Wherever there is a big pot of money, somebody is trying to steal from it.
The folks at Alliance Commercial Partners know this now.

The Lakewood-based commercial real estate firm has money flying everywhere. Since its 1996 founding, the firm has acquired or developed 72 properties across the nation valued around $775 million. Earlier this month, Alliance sold Writer Square in downtown Denver for $30.3 million. In managing all that real estate, the firm is constantly wiring funds to leasing agents, appraisers, attorneys, banks and vendors.

Enter Patricia Jagielski Ragusa, 43, who was Alliance's first employee in April 1997. Alliance made Ragusa its director of portfolio accounting and authorized her to transfer money over the Internet so bills would get paid. Alliance even gave Ragusa, a single mother of two, flexible hours and permission to work from her Littleton home.
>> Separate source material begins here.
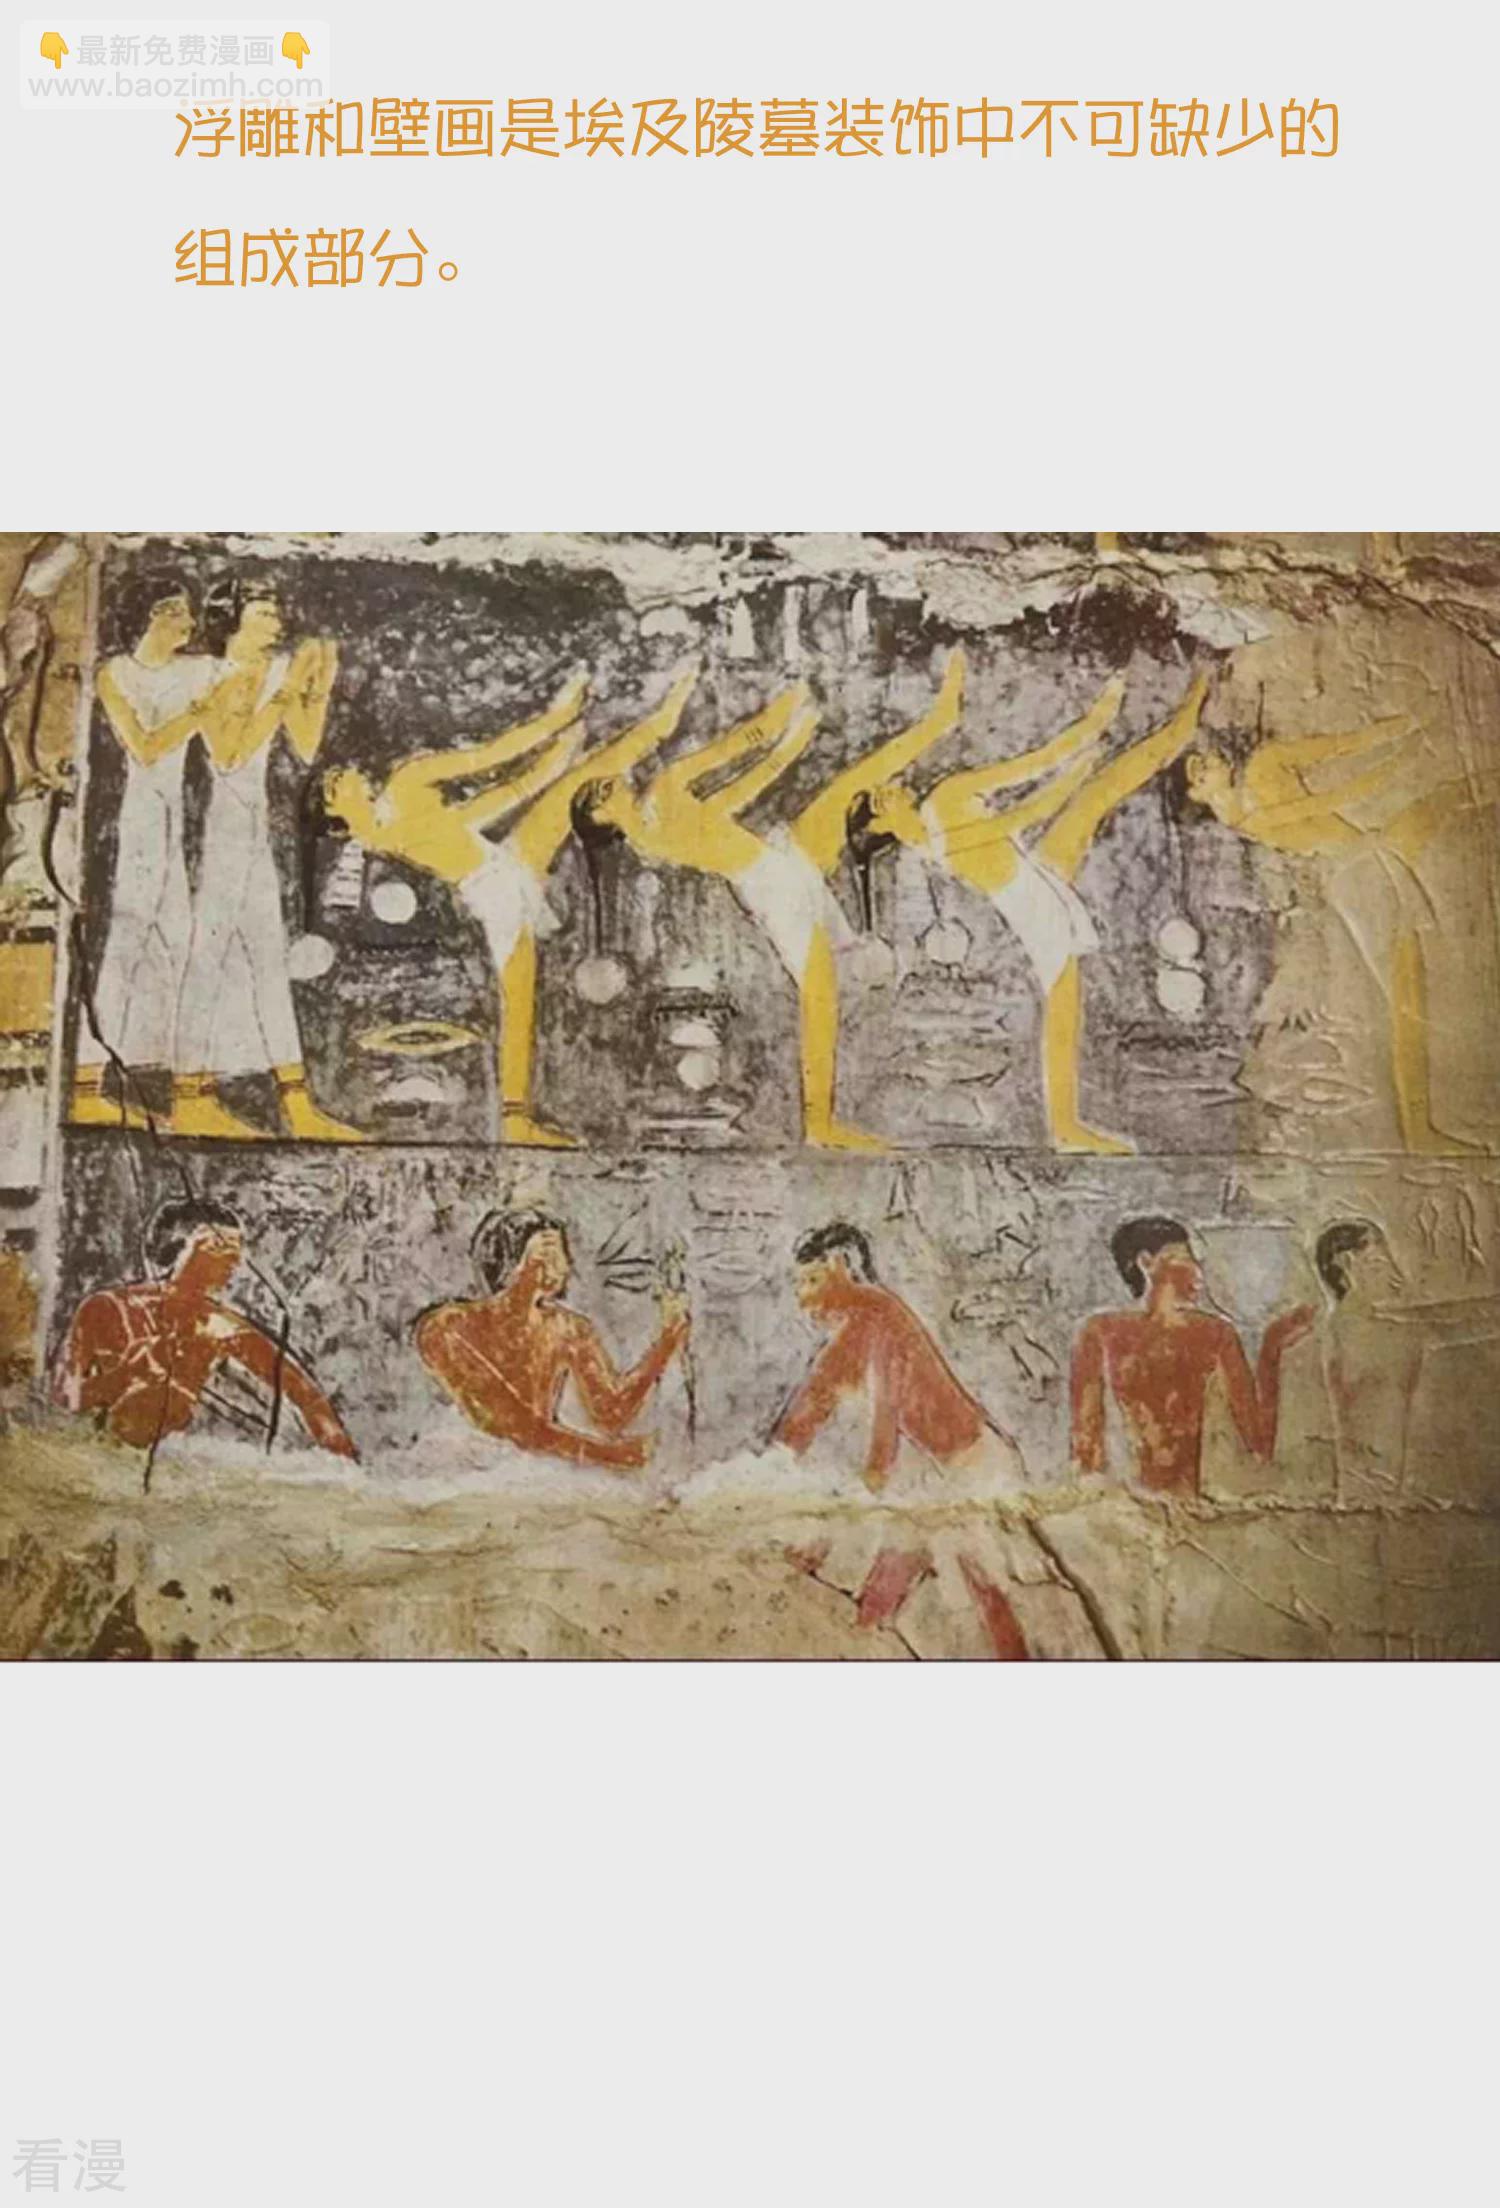 王的第一寵後 - 王的茶話會37 古埃及的壁畫文化 - 1

Ragusa might have seemed innocuous at 4 feet 11 inches - a slight, white, middle-class accountant with brown eyes and shoulder-length hair.

But here's what Alliance executives didn't know: "Ragusa is a multi-state offender with a criminal history," according to a Lakewood police report. Her rap sheet includes felony theft, unlawfully carrying a weapon, and heroin possession, according to a police report. If Alliance or its employment agency ever ran a criminal background check on Ragusa, they should have found this out.

Last month, Alliance's chief financial officer, Douglas McCormick, noticed that credits to a certain account came up $76,000 short. He soon discovered that money had been wired to a bank account held in the name of Ragusa's son.

Ragusa offered no explanation at first. Later, she indicated "that someone must have gotten her password and her son's information, and made the transfer," according to an affidavit by Lakewood economic crimes detective Dave Voskamp. Why? Maybe someone just wanted to get her fired, Ragusa claimed.

A deeper look at Ragusa's story revealed 72 transactions that police say were fraudulent. Police allege that, since April 2001, Ragusa illegally wired more than $1 million to accounts held by herself, her day-trader boyfriend in California and her two teenage children. Only Ragusa has been charged. Police arrested her Sept. 16. She is free on bond.

Ragusa and her attorney, Robert Grossman, declined to comment, as did McCormick and Alliance president Richard Stone. It will be a long and embarrassing ordeal for both Ragusa and Alliance - a company that boasts a "management and staff with a combined 80 years experience in the real estate industry."

"She's a bad actor, but the company made it very easy for her," said Daniel Predovich, an independent fraud examiner in Highlands Ranch who agreed to review Ragusa's case for this column. Not only did Alliance fail to uncover Ragusa's past, but it didn't have proper internal controls for handling money, Predovich said.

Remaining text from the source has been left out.